As far as Graham’s attempt to train attention on the Syrian-backed terrorists as a threat to the United States, Marshall said, “As most Americans can’t identify the Democratic candidates, they know even less about Hezbollah. It’s a tough sell…. What he needs is some confirmation or agreement from members of the intelligence committee. He’s flying solo on some of these claims.”

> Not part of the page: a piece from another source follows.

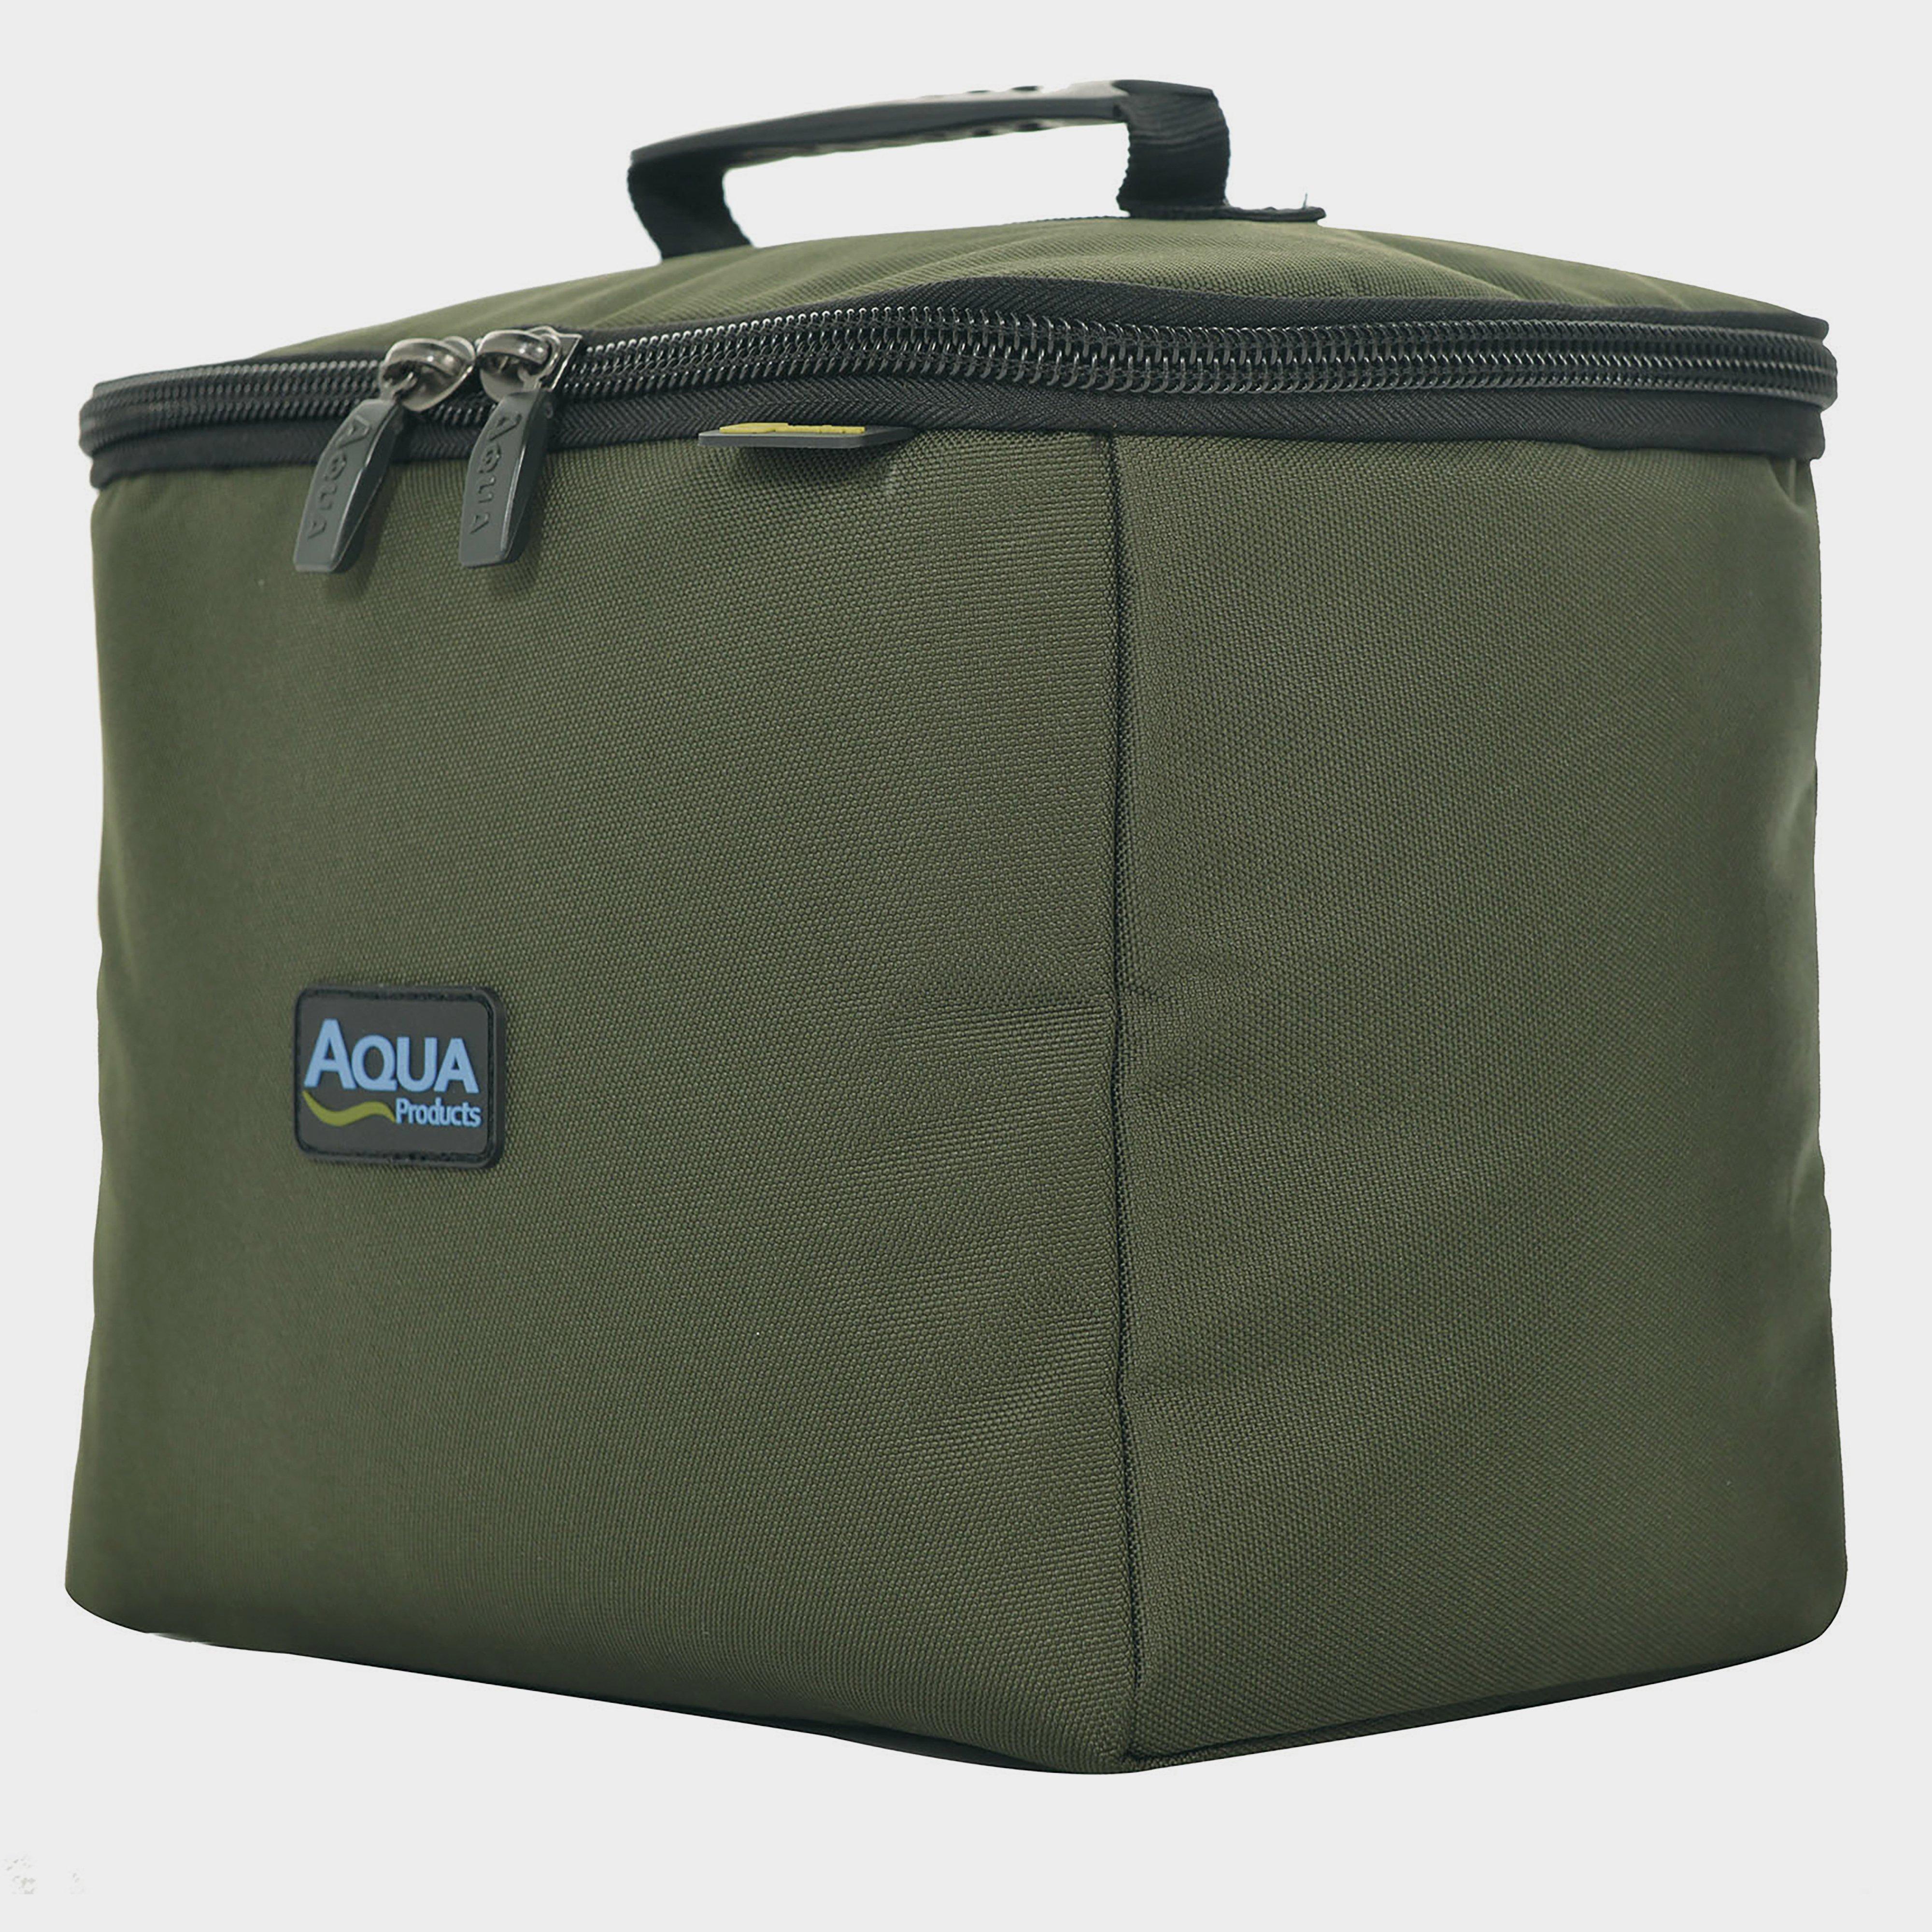  AQUA Roving Cool Bag Black Series, Green

The other Democratic hopefuls have ventured different critiques of Bush’s foreign policy in recent days. Connecticut Senator Joseph Lieberman has faulted what he has described as administration missteps in trying to set up a civil authority and revive the oil industry in Iraq. Missouri Rep. Richard Gephardt, North Carolina Senator John Edwards and former Vermont governor Howard Dean have criticized the administration for stinting on providing states with homeland security funds. Kerry has assailed Bush’s diplomacy for failing to win international cooperation for American efforts.
At the Sanz-Laniado dinner, however, Graham’s speech was well-received. According to Rabbi Yitzchok Feldman, executive vice president of American Friends of Sanz-Laniado, attendees had questions about Graham’s vote against the war, but his tough talk dispelled most doubts. “People were very impressed by his being a super-mensch,” Feldman said of the senator, who had mingled with guests in a pre-dinner cocktail hour. “If, God forbid, the economy goes down, the president could fall,” Feldman said. “If that happens, Bob Graham has as good a chance as anyone else.”